Step by step solution

01

Determine the Required Force

First, determine the force required to lift the maximum load using the equation \(F = mg\), where \(m\) is the mass i.e. \(3000 \mathrm{kg}\) and \(g\) is the gravitational acceleration, \(9.81 \mathrm{m/s^2}\).

02

Determine the Minimum Piston Pressure

Then, find the minimum pressure that the piston needs to exert in the hydraulic oil such that the cab can be elevated. This can be found by dividing the force by the minimum area of the piston (which can be calculated from the given diameter using the formula \(A = \pi (d/2)^2\)).

03

Determine the Volume of the Accumulator

This can be found using Pascal's Principle, which states that a change in pressure at any point in an enclosed fluid at rest is transmitted undiminished to all points in the fluid. Thus, the volume of the hydraulic fluid displaced when the elevator rises is V = Ah, where \(A\) is the Area of the piston and \(h\) is height of lift (calculated for the 3 floors). This volume V is equal to the volume of accumulator.

04

Determine the Diameter of the Accumulator

Calculate the diameter of the accumulator from the determined volume using the formula for the volume of a cylinder \(V = \pi (d/2)^2 h\). Assume a reasonable height for the accumulator.

05

Calculate Wall Thickness for Safety

The thickness of the walls of the accumulator can be calculated by Safety stress formula \(T = PR/2S\), where \(T\) is wall thickness, \(P\) is pressure, \(R\) is radius of the accumulator tank and \(S\) is the safety stress value which depends on the material used.
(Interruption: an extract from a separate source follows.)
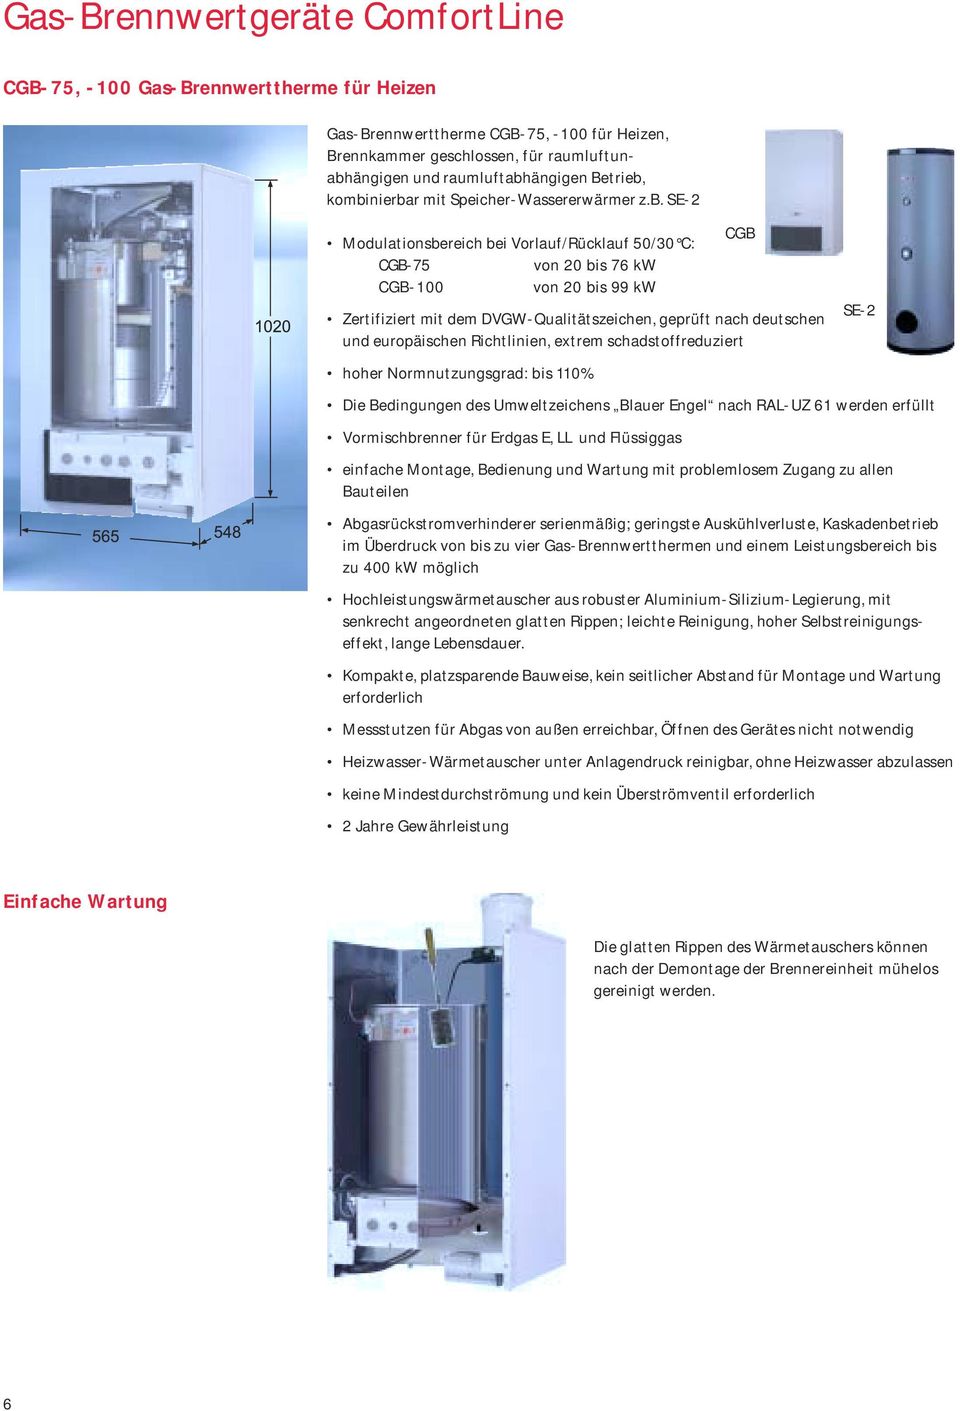 kombinierbar mit Speicher-Wassererwärmer z.b. SE-2 CGB Modulationsbereich bei Vorlauf/Rücklauf 50/30 C: CGB-75 von 20 bis 76 kw CGB-100 von 20 bis 99 kw Zertifiziert mit dem DVGW-Qualitätszeichen,

Choose a typical value of safety stress for steel.

06

Discuss Safety Features & Design Preference

Safety features could include pressure relief valves to prevent pressure build up in the system, safety brakes for freefall protection, interlocks to prevent accidental operation, etc. Whether a pneumatic or hydraulic design is better depends on various factors. Pneumatic systems are simpler and cheaper to install, but hydraulic systems offer smoother and quieter operation, superior speed control, and more power.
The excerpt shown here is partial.